The killers of Mahmoud al-Mabhou weren’t very bright. There were at least 11 assassins of the top Hamas commander; 10 men and one woman. We know that because their faces have been plastered across the Internet, courtesy of closed-circuit TV imagery released by the Dubai police.
Many experts believe that the Israeli Mossad killed al-Mahbou, whose involvement in attacks on Israeli targets – not to mention arranging arms deals between Hamas and Iran – would definitely have earned him top honors on Jerusalem’s hit list (see British journalist Gordon Thomas’s fascinating look at the process by which the Israeli government authorizes assassinations). One reason why fingers point at Mossad is the alleged professionalism and sophistication of the operation. Hotel and airport cameras show the killers stalking their target from the moment his plane his landed until he arrived at his hotel (where two of the assassins – dressed in tennis clothes – joined al-Mabhou on an elevator as they followed him to his room). They constantly donned different wigs and beards, and carefully routed their communications through Austria rather than rely on the local phone system.

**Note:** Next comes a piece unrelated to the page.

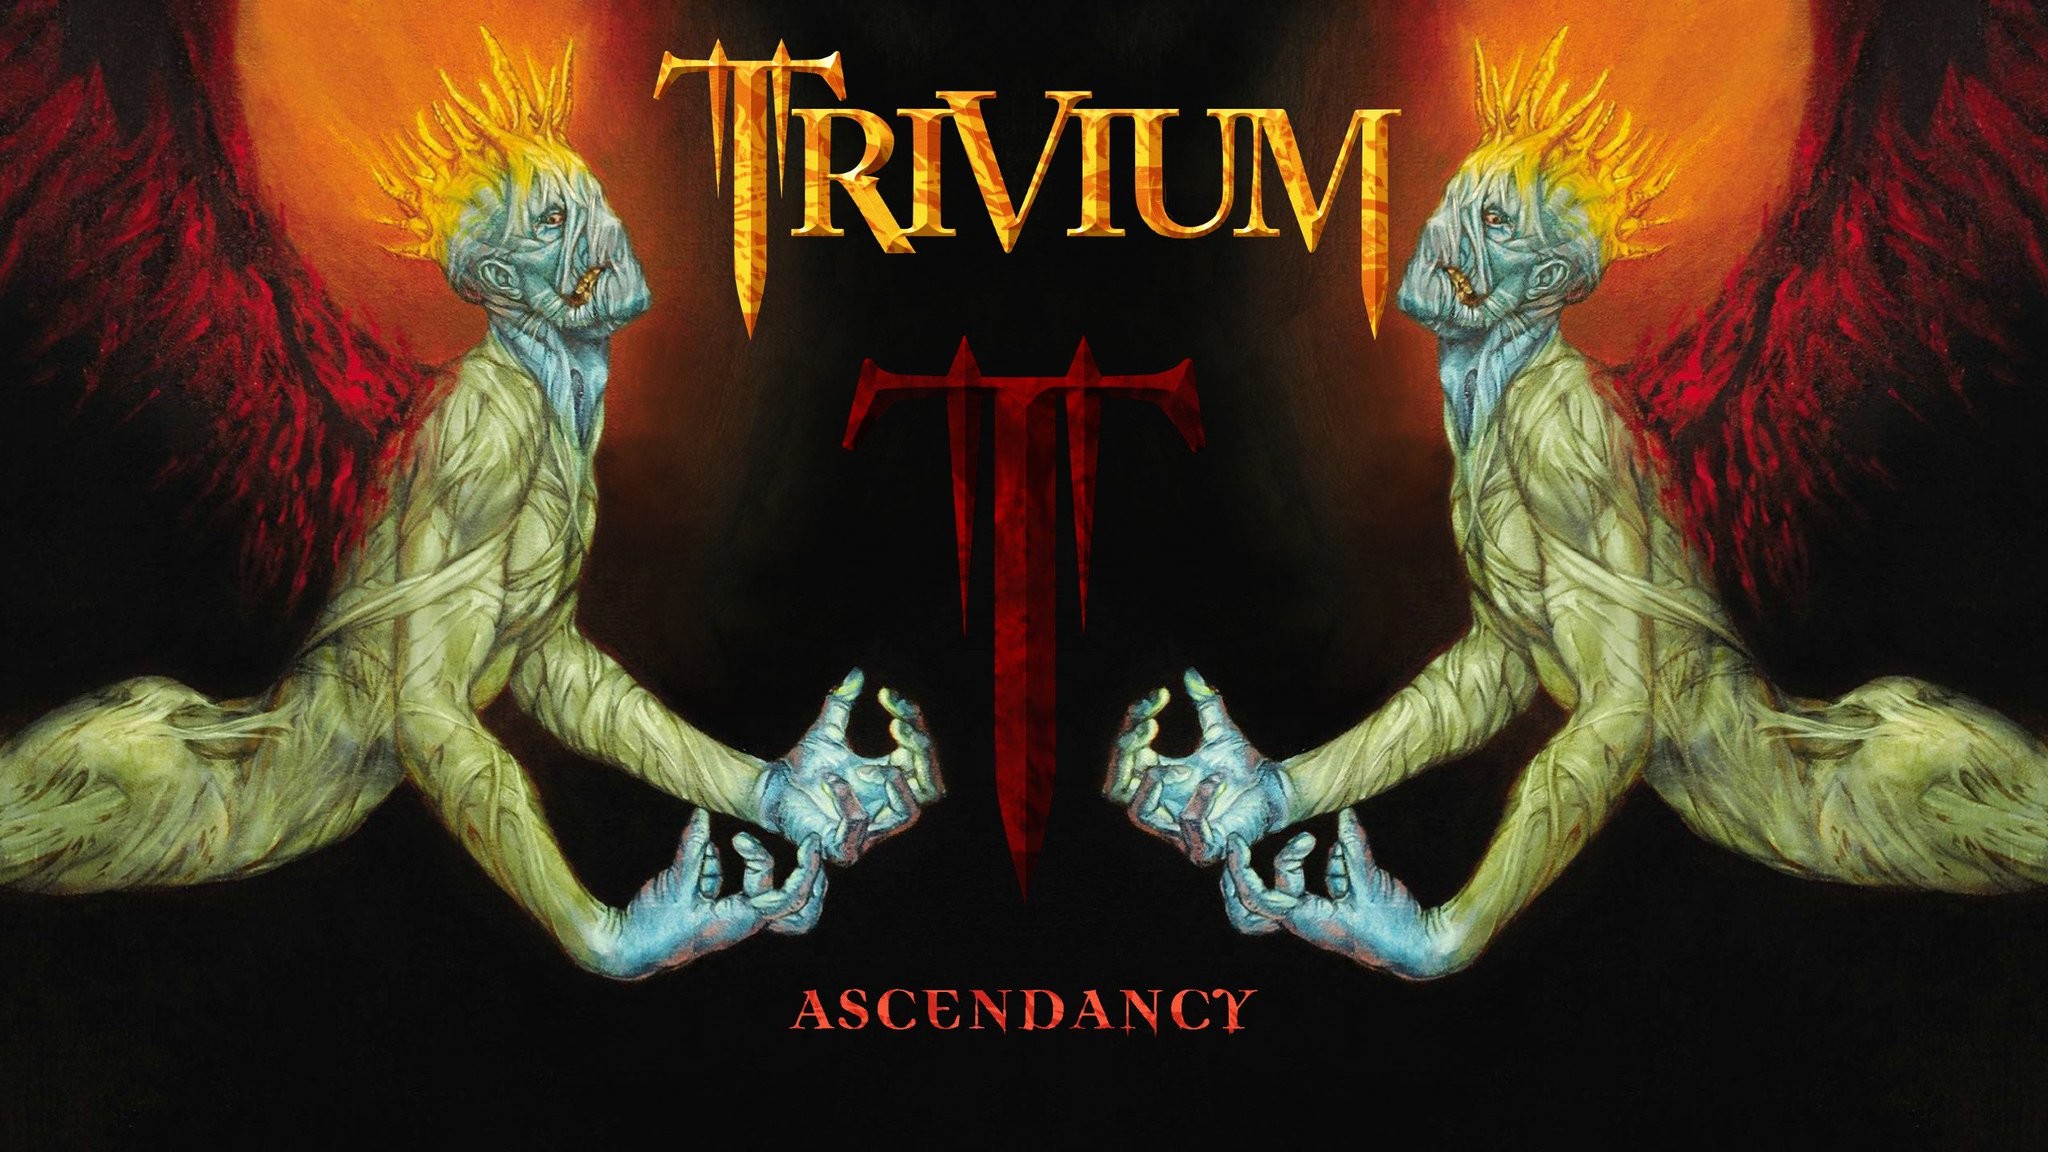 2048x1152 Trivium Memes on Twitter: "Awesome Ascendancy wallpaper :) @matthewkheafy  @TriviumPaolo #Trivium #TriviumMemes #wallpaper https://t.co/4oGZ5ovGj2"

Notice I say “alleged professionalism” of the killers, because leaving behind enough clues for the Dubai authorities to put out Interpol warrants doesn’t seem like the handiwork of pros. Political assassinations are often done in a spectacular manner to send a message (nothing says “I hate you” more than a car bomb). But competent assassins try to quietly slip in and out; their work is the message, not themselves. Mossad may or may have carried out the operation; Al-Mahbou was an arms dealer with a lot of enemies, including various Arab states and other Palestinians. But whoever was behind the killing almost certainly didn’t bank on the faces of the hit team appearing on post office bulletin boards.
Regardless who authorized it, al-Mahbou’s demise raises a question: Will state-sponsored political assassinations become a thing of the past? Novels and TV shows like “24” make these kinds of operations look easy. So does the American government. If the target is some Taliban leader in a remote Pakistani village, the U.S. sends in a missile-armed Predator or a commando team. No fuss, no furor, because it happens in places that don’t even have electricity.
But what if your target is in Paris or Tokyo? The world is becoming more restricted. Border controls are tighter, passports have computer chips, governments scrutinize passenger lists. There are cameras on traffic lights, ATMs and public parks, to the point where many of us in the developed world are being recorded all the time without even knowing it. Which means that it will become very hard for an assassin to avoid leaving some kind of trail, especially if it’s an 11-strong hit team as in the Dubai killing.
This won’t stop political assassinations. There will always be someone with a score to settle and the ruthlessness to do it. But it does suggest that government-sponsored assassinations will become more rare for fear of exposure. The shadow war will come out of the shadows.